El 25 de agosto era, con toda seguridad, el único día que mi padre dedicaba íntegramente para él, solo para él y la fiesta del pueblo que lo vio nacer. Muy temprano se despedía, cuando no me llevaba a mi o a mi hermano Martín de “pistolero” como acostumbran decir por allá. Era el festejo que esperaba durante todo un año, y sobre todo el encuentro con sus amigos de toda la vida, compadres generalmente como Don Ranulfo, el de la tienda en la esquina donde termina el crucero que parte de la carretera que va para Aljojuca.

Nunca supe de qué platicaba durante horas y horas con quienes convivió desde la infancia, hasta que un día caminó hasta donde pasaba el autobús y se fue junto con su esposa al Distrito Federal, donde meses más tardes llegamos los que conformábamos su familia.
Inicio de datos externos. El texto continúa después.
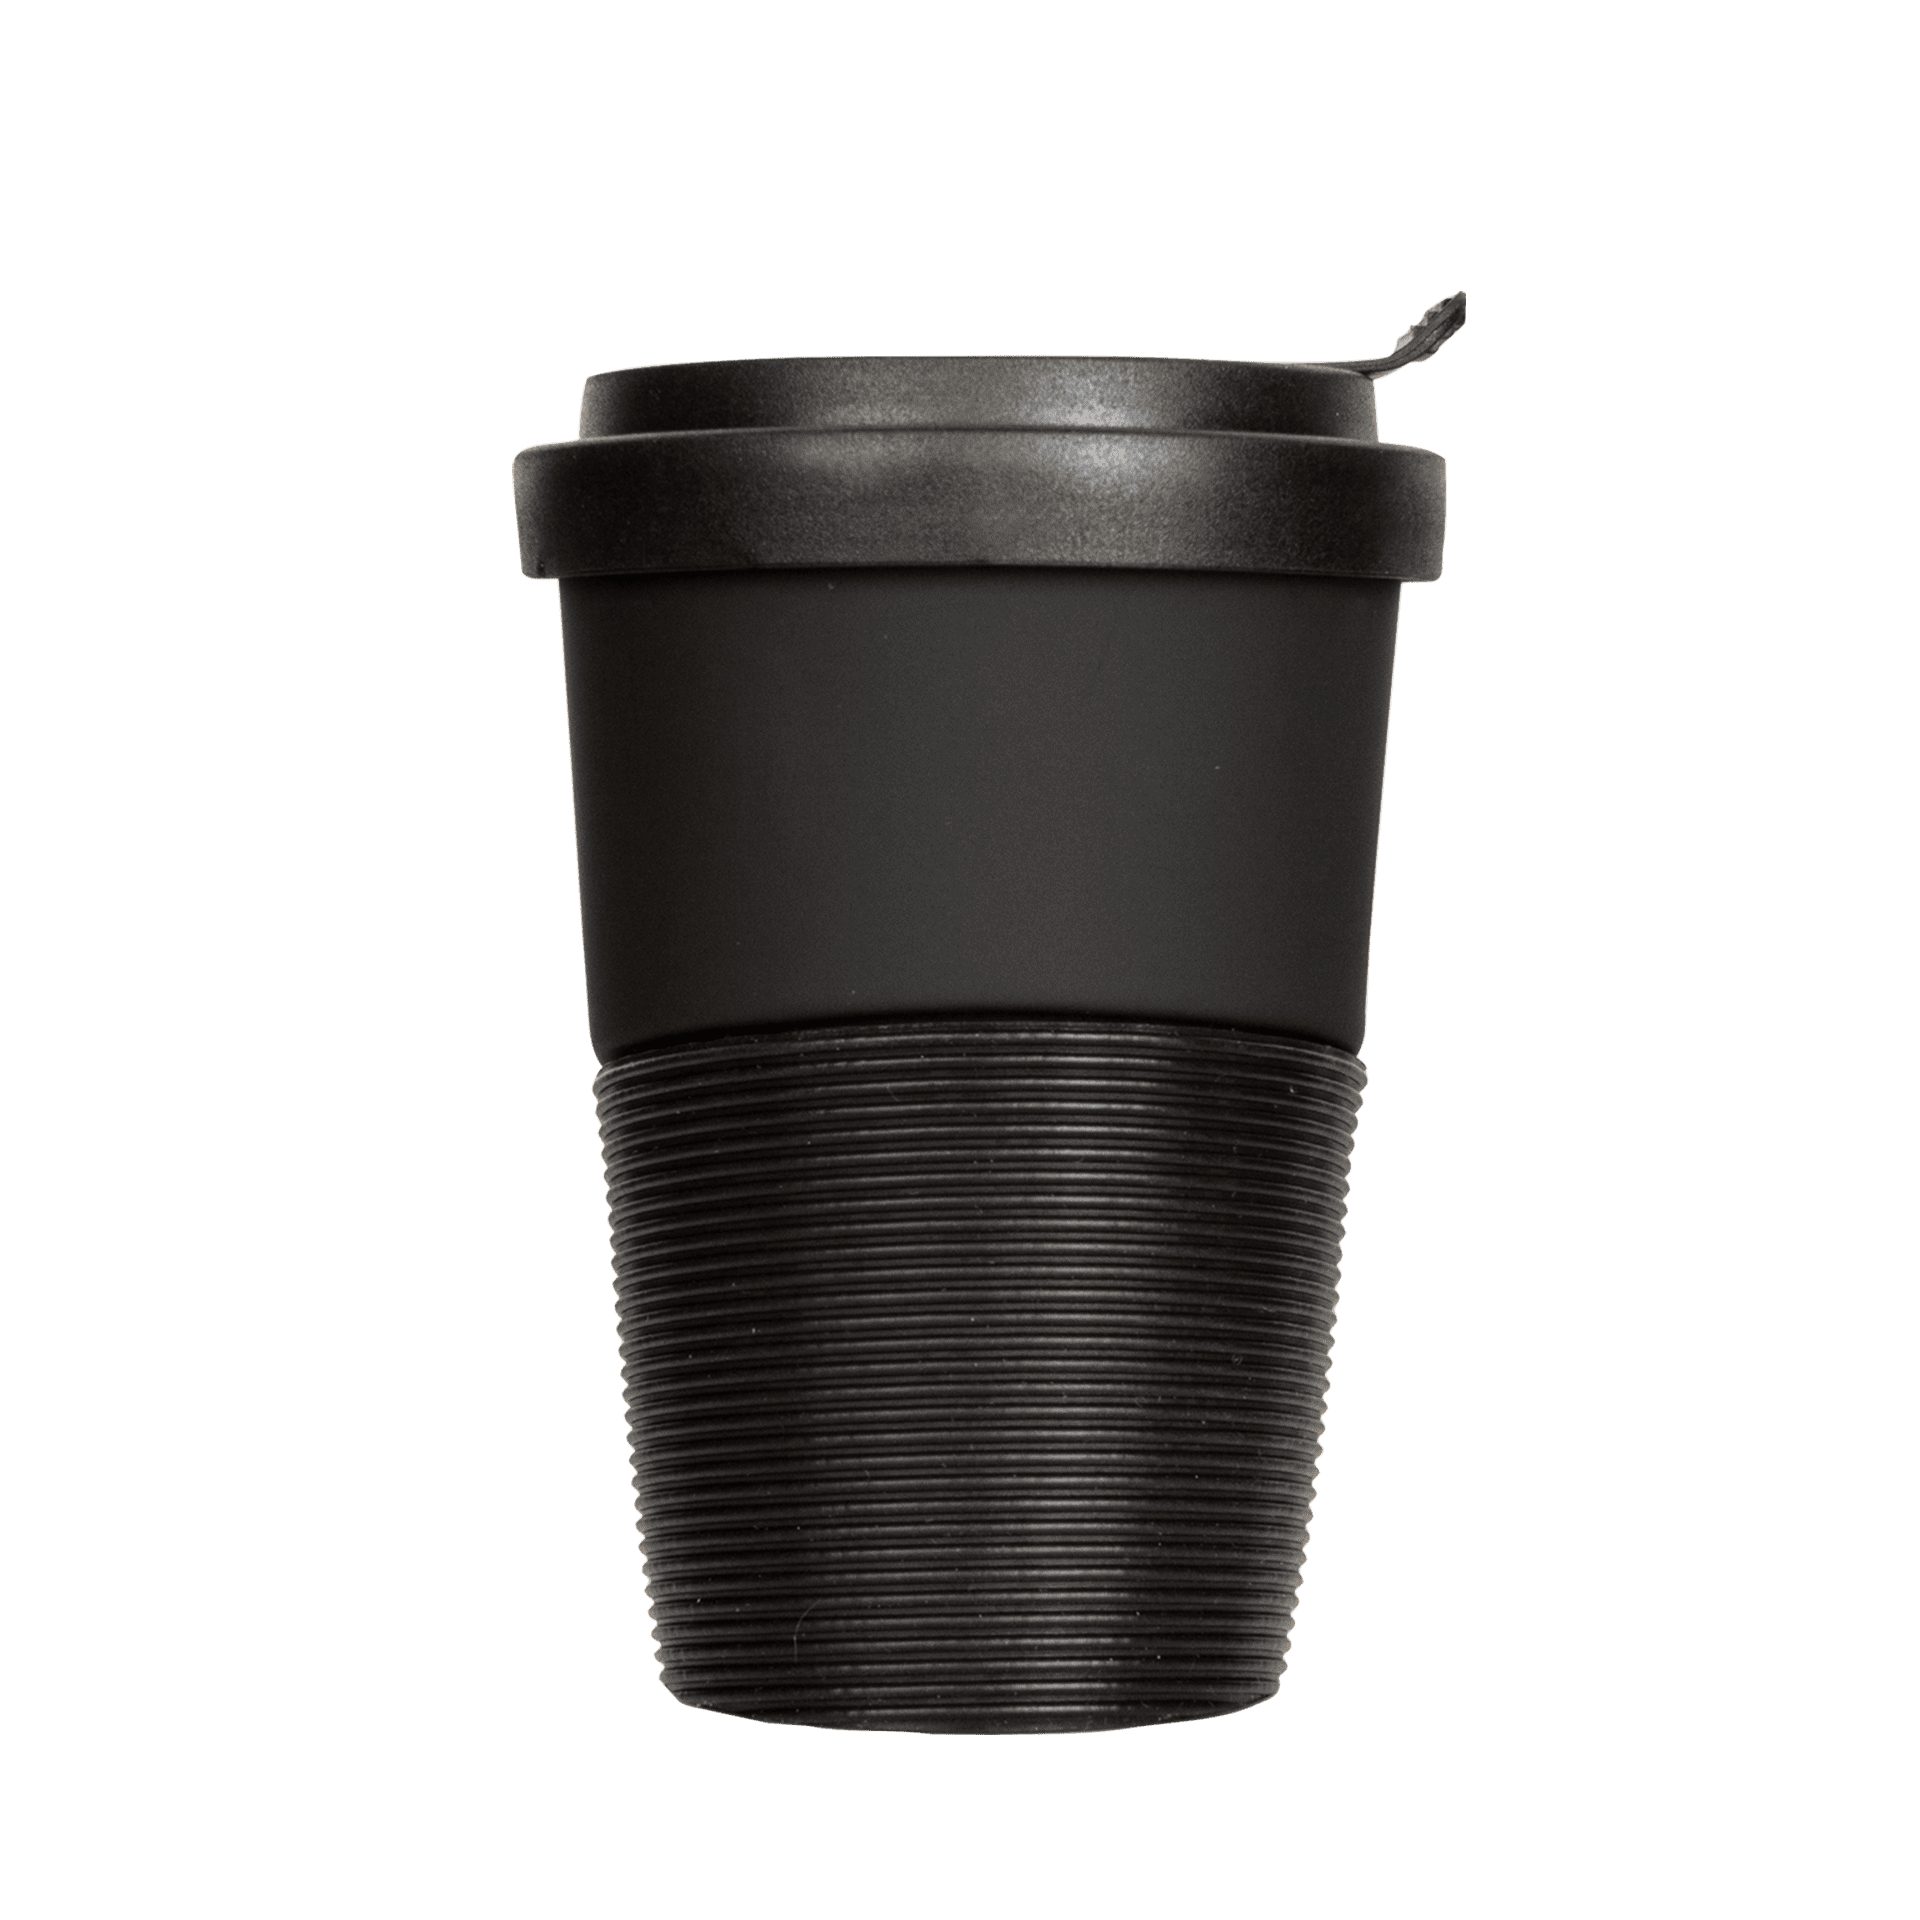 Black Trinkdeckel, klimaneutral Wave Becher Porzellan, Diamond Manufaktur 100% Coffee-to-go-Becher spülmaschinengeeignet, auslaufsicher, + Mahlwerck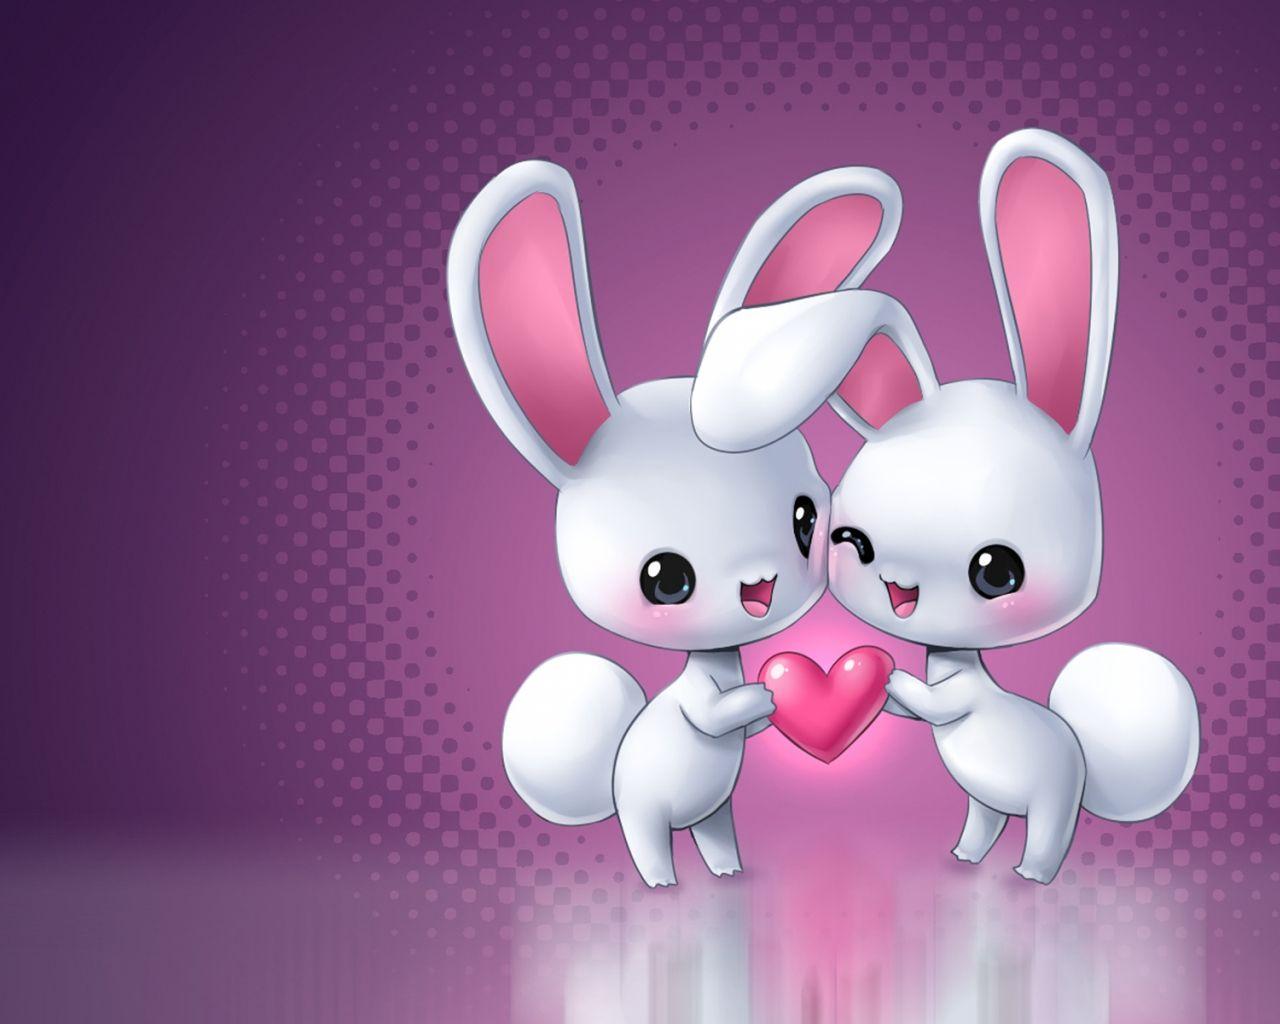 In Love Cartoon Bunnies Wallpaper 1280x1024. Download wallpaper page

En realidad el pueblo de laguna que cada año se queda más y más seca, me llegó a la memoria de rebote por tantas pláticas con mis tías, especialmente Amelia que supo recrear la magia que envolvía el hablar despreocupado de los del pueblo, en que vivos y muertos podían convivir sin problema alguno.

Seguramente, si estuviera vivo, mi padre despertaría en la madrugada, acomodaría un suéter en la bolsa de plástico del mandado, de esas fabricadas con una especie de mosquitero colorido, y a manera de despedida levantaría la mano  con la mano abierta para irse con la promesa de regresar con pan de fiesta, chito que es carne seca, chile costeño para el guisado que tanto le gustaba y la reseña completa de las carreras de caballos allá por el Sabino de Caspacio.

Es hasta estos días de la fiesta del pueblo, cuando empiezo a comprender la facilidad con que él podía reunir los elementos de la felicidad. Porque con todo y que el 25 de agosto era un día muy especial, lo eran todos si cada uno de sus hijos estaba sano, caminaba por buen rumbo en la vida y sus nietos no se enfermaban. Cuando las cosas se complicaban en la existencia en alguno de los integrantes de su familia, es decir nosotros, no dudaba en recorrer la distancia que fuera necesaria, hacer viajes de seis horas en autobús, para llegar y simplemente pedir que enderezáramos el camino, recomendar que nos cuidáramos, que comiéramos bien y que estuviéramos al pendiente de nuestros hijos.

De tal modo que la afición más importante que nos dejó, además del basquetbol, el box y el ciclismo, y no se diga su admiración por Pancho Villa, fue que con lo que tuviéramos en la mano disfrutáramos vivir. 

Así que hoy cada uno de sus hijos, su hija única también, estoy seguro que intentaremos la felicidad, amaremos cada una de las razones que nos hacen ver con tanta ilusión la fiesta del pueblo que tanto amaba mi padre.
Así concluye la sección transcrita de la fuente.